Molly Pitcher: Biography, Facts & Timeline

Instructor: Thomas Davis

Thomas has taught high school age students for 34 years, undergraduate 12 years, and graduate courses for the last 8 years. He has a Masters Degree in Curriculum and Instruction from National Louis University in Evanston, Illinois.

Molly Pitcher, as she became known, is famous in United States history for taking the place of her husband and helping to fire a cannon at the Battle of Monmouth during the Revolutionary War.

The Legend

Revolutionary War legend tells us that Molly Pitcher stepped in for her husband at the Battle of Monmouth and took his place at the cannon. She stayed until the end of the battle, which was finally won by the Colonists. In addition to her heroism, she diligently worked providing water, working as a nurse, and providing moral support for the brave revolutionaries. Molly served as proof that women could do many things previously not commonly thought to be possible. This lesson will examine the life, contributions, and timeline associated with revolutionary legend Molly Pitcher.

Molly Pitcher

Molly's Real Identity

Though there is some official disagreement over exact details, many believe that the woman history has come to refer to as Molly Pitcher was born to German immigrants under the name Mary Ludwig. The exact date of her birth is unknown, but it is believed to have happened sometime around October 1754. She married a man named William Hays when she was still a teenager, and after two marriages, she died under the name Mary Ludwig Hays McCauley.

Off to Fight

On April 19, 1775, the revolution in America began. As many men did, William went off to fight the British in the Revolutionary War. Mary Hays eventually followed her husband into the war. As the war went on, Mary found herself beside her husband at the Battle of Monmouth. July 28, 1778, was a very hot day on the field of battle, soldiers were dropping frequently form heat. Mary grabbed pitchers of water and started to deliver water to the soldiers there. This is when Mary changed to 'Molly Pitcher.' During this particular battle Mary (Molly) single-handedly carried an injured young man off of the battlefield to safety. She took him away from the advances of the British Army. At the time, people found it amazing that a young woman would be brave enough to deliver water during fighting, carry a young man to safety, and at the same time tend to other wounded or sick men.

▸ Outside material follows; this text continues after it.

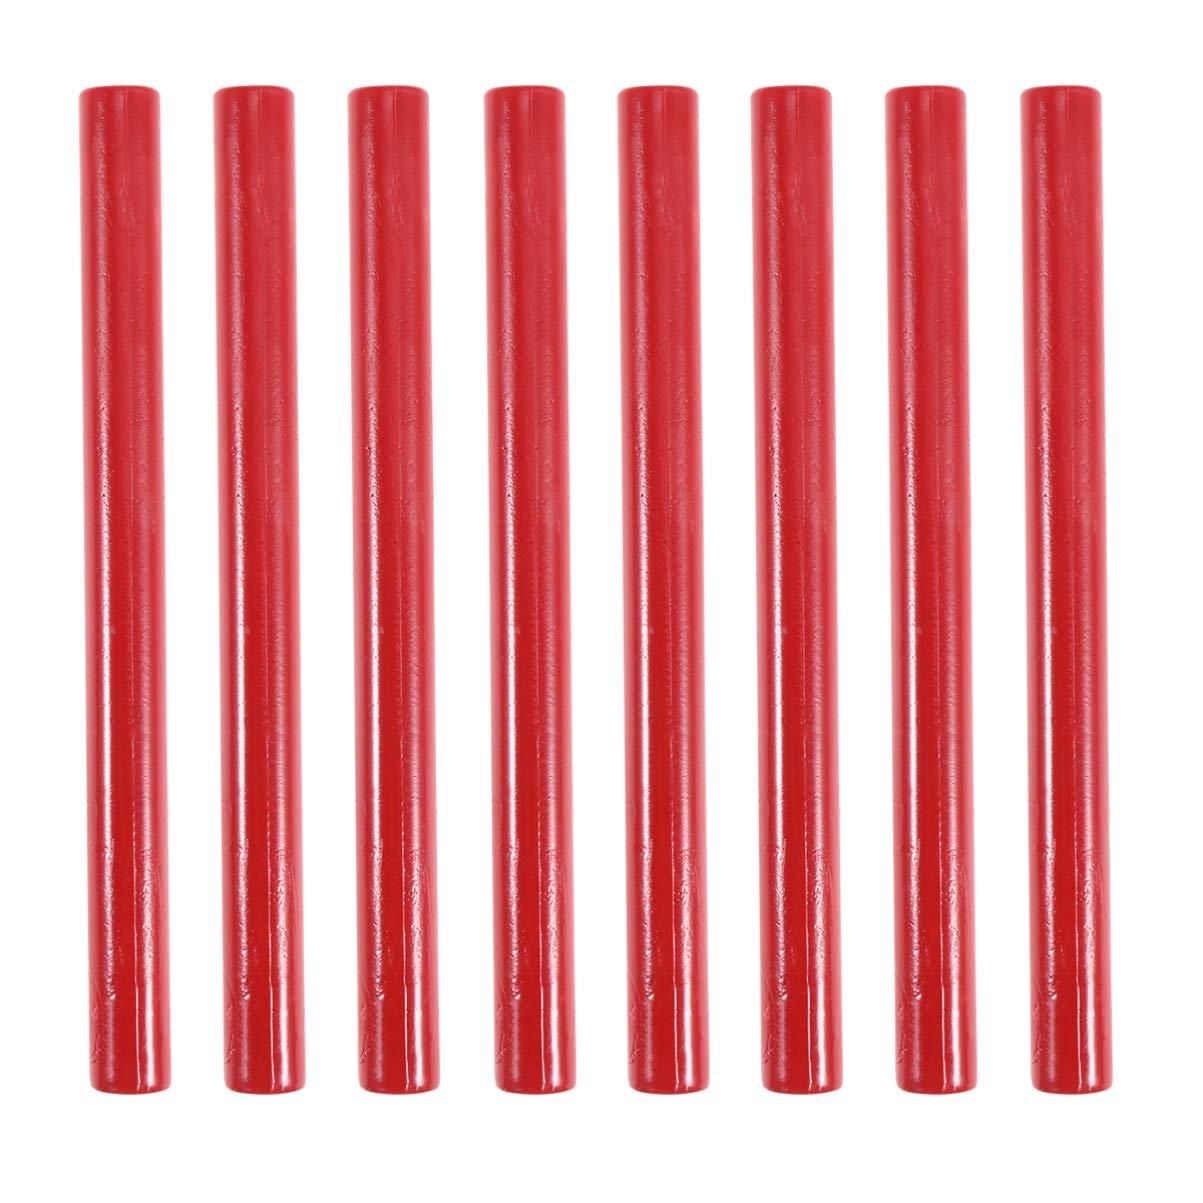 Bianco SUPVOX 8Pcs Bastoncini per Ceralacca Colla per Pistola Sigilli Ceralacca per Timbro Sigillo in Cera Sigillo in Cera per Lettere E Artigianato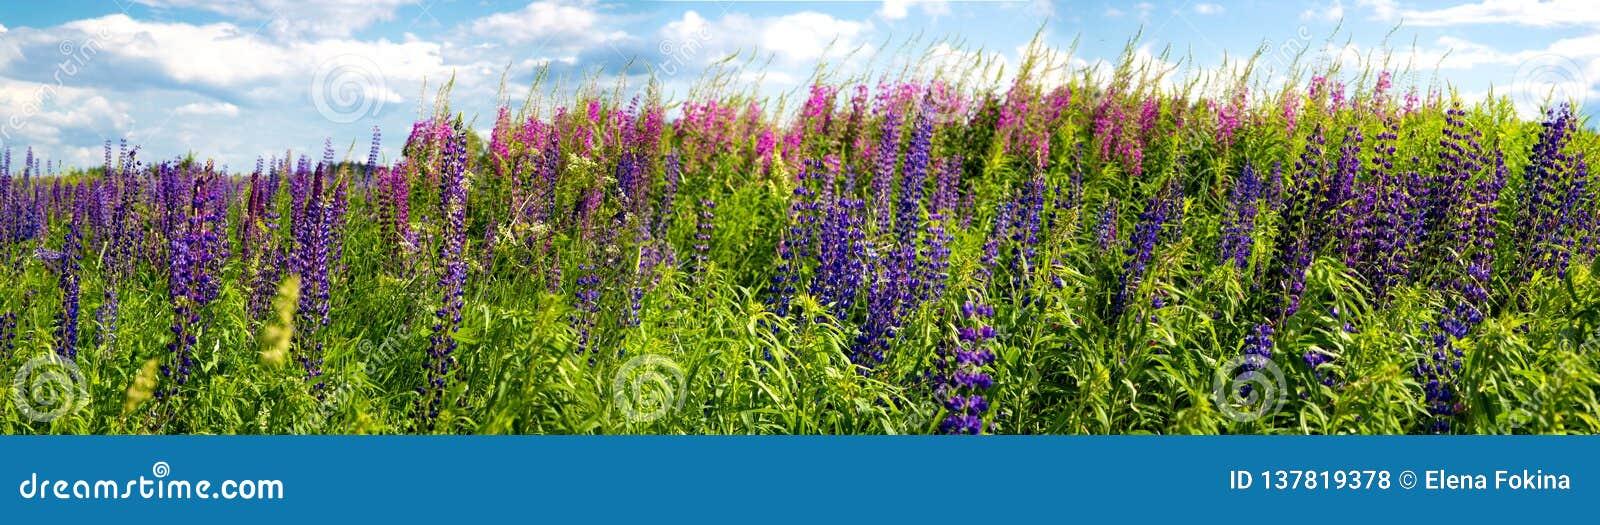 Belles fleurs pourpres sur un pré rural

Molly Pitcher takes up the Cannon

As that fateful day continued the temperatures rose to almost one hundred degrees. When Molly Pitcher saw her husband go down from the heat, she took over for him at the cannon. The cannon crew was very tired and about to give up when Molly took the job as gunner. She grabbed the rammer staff out of her husband's hands and was able to help. The cannons continued to fire, rebels continued to fight, and the revolutionary army won the battle. Mary could have been killed, and her actions were heroic. Due to her actions, General Washington sent along his personal thanks.

Molly Continues the Fight

After the Battle of Monmouth, Molly resumed her role of helping the sick and wounded as well as delivering water to revolutionary soldiers. When one would die of heat stroke, which many did, Molly would be very upset. At one time during a battle Molly was almost hit by the enemies' cannon ball which came close enough to travel between her legs and rip her skirt. According to oral tradition, she supposedly said, 'Well, that could have been worse.' Molly was a positive force for the army. She stayed positive, fought as long as the soldiers did (sometimes longer), and always encouraged them.